Setup. We simulate a network consisting of 20 good peers, no pre-trusted peers, and no malicious peers. After running queries on the system for 20 query cycles, the load distribution is measured in Figures 9.3 and 9.4: for each peer 1-20 in the network, we depict its load share, the fraction of its uploads after a full run of the experiment divided by the total number of uploads in the entire network. The load distribution in a network using the deterministic download source selection algorithm is compared to the load distribution in a network using no reputation system at all in Figure 9.3, whereas a system employing the probabilistic download source selection algorithm is compared to the non-trust-based network in Figure 9.4.

Discussion. Always choosing the responding peer with the highest global trust value as download source leads to a vast load imbalance in the network: popular peers do not stop accumulating trust value and gain further popularity. In Figure 9.3, peer 2 will eventually become the download source for virtually all queries that it is able to answer. Also note that in each experiment we ran another peer turned out to be the most trusted peer. Choosing download sources probabilistically yields only a slight deviation in terms of individual load share of each peer from the case where trust values are not used to select download sources among responding peers, therefore leading to a much better natural load distribution in the network.
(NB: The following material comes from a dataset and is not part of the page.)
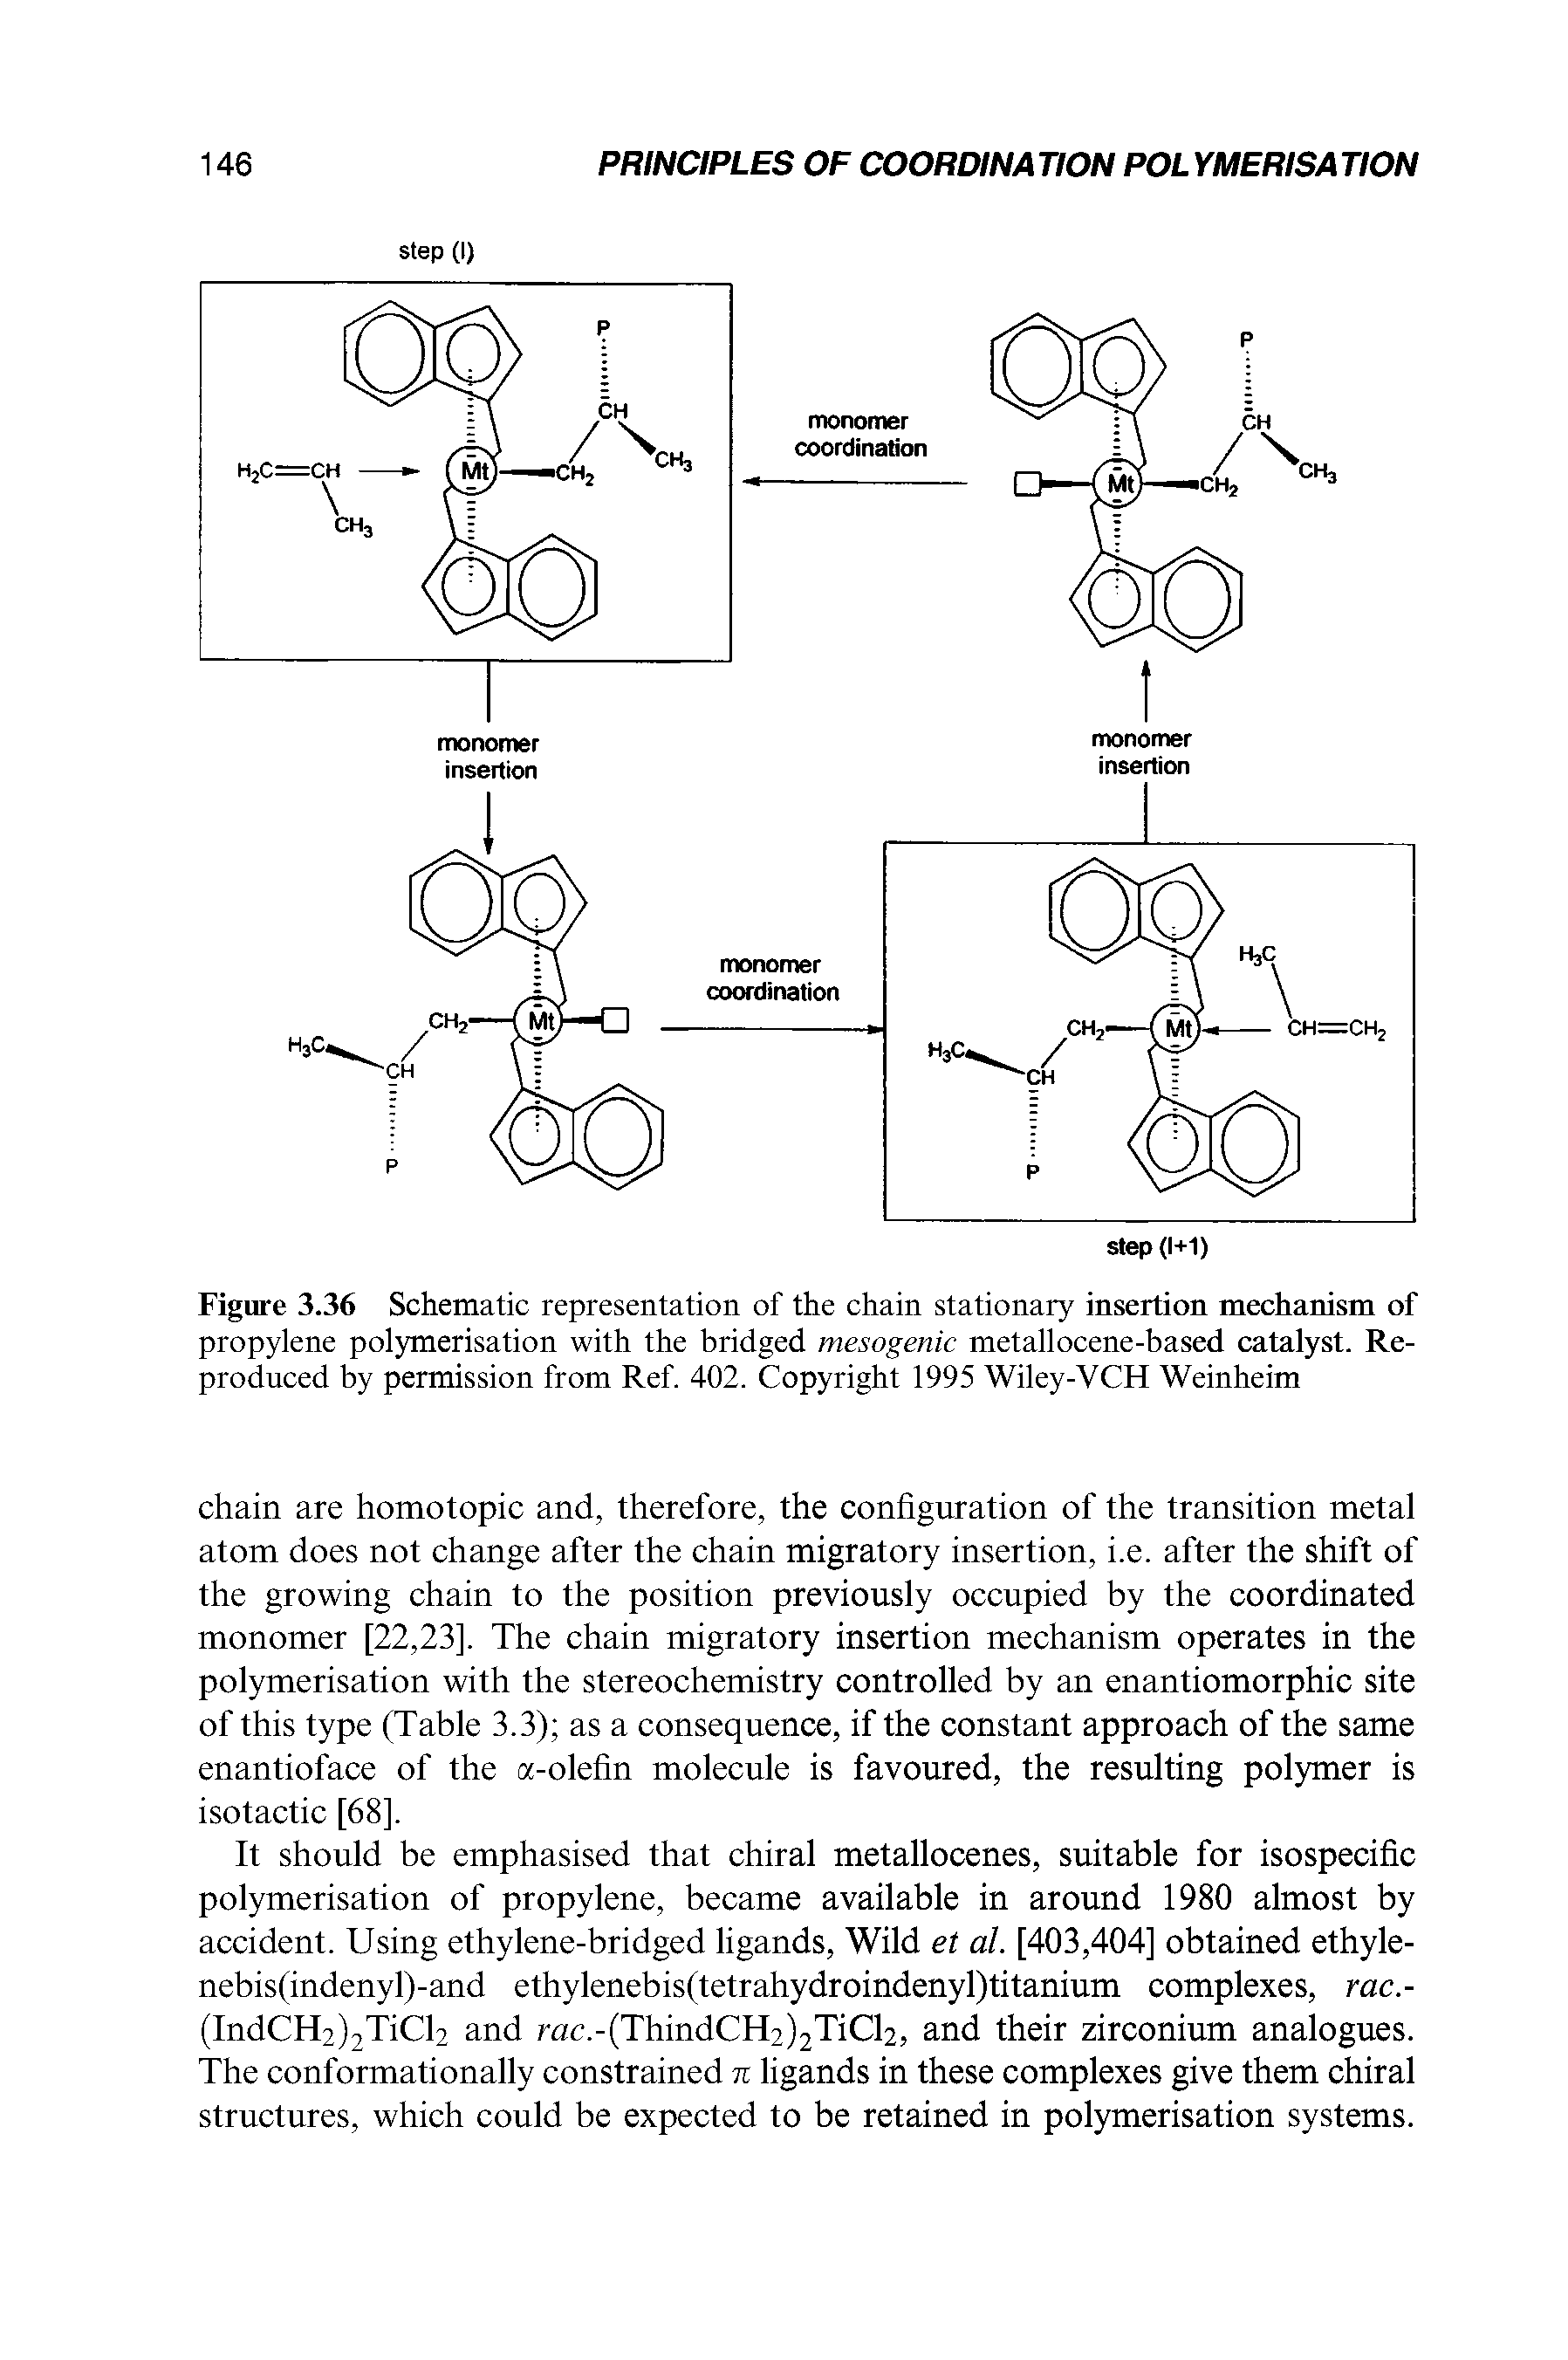 Figure 3.36 Schematic representation of the chain stationary insertion mechanism of propylene polymerisation with the bridged mesogenic metallocene-based catalyst. Reproduced by permission from Ref. 402. Copyright 1995 Wiley-YCH Weinheim...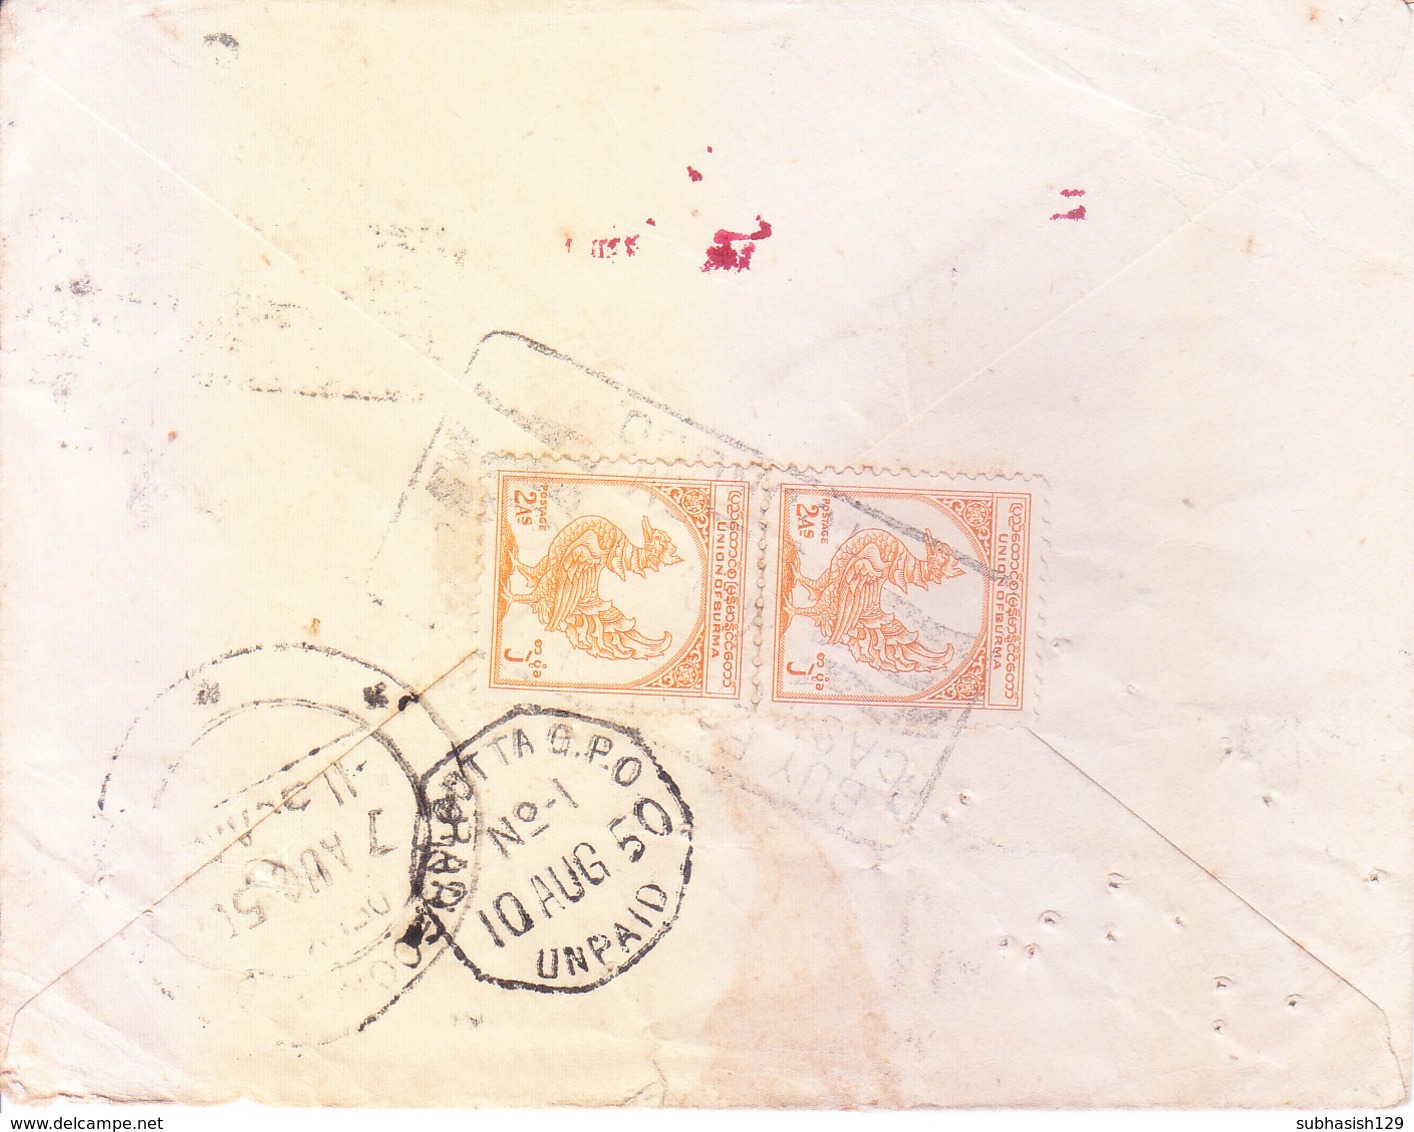 BURMA 1950 COMMERCIAL COVER - FOREIGN POSTAGE DUE MARKING AT TOUNGOO AND UNPAID MARKING AT CALCUTTA GPO - RARE & SCARCE - Myanmar (Burma 1948-...)

In Figure 9.4, peer 2 becomes the download source for 8% of all queries in the system, and many other peers participate in sharing the load, mainly determined by the number and popularity of files the peers share. Our measurements also show that the efficiency in suppressing inauthentic downloads does not vary between the two approaches. Thus, for the remaining experiments we use the probabilistic peer selection algorithm.

Table 9.1 Threat models and associated experiments.

9.6.2 Threat Models

We now evaluate the performance of our system in suppressing inauthentic downloads. We will consider several strategies of malicious peers to cause inauthentic uploads even when our scheme is activated. In short, malicious peers operating under threat model A simply try to upload inauthentic files and assign high trust values to any other malicious peer they get to interact with while participating in the network. In threat model B, malicious peers know each other upfront and deter- ministically give high local trust values to each other. In threat model C, malicious peers try to get some high local trust values from good peers by providing authentic files in some cases when selected as download sources. In threat model D, one group of malicious peers in the network provide only authentic files and use the reputation they gain to boost the trust values of another group of malicious peers that only provide inauthentic files.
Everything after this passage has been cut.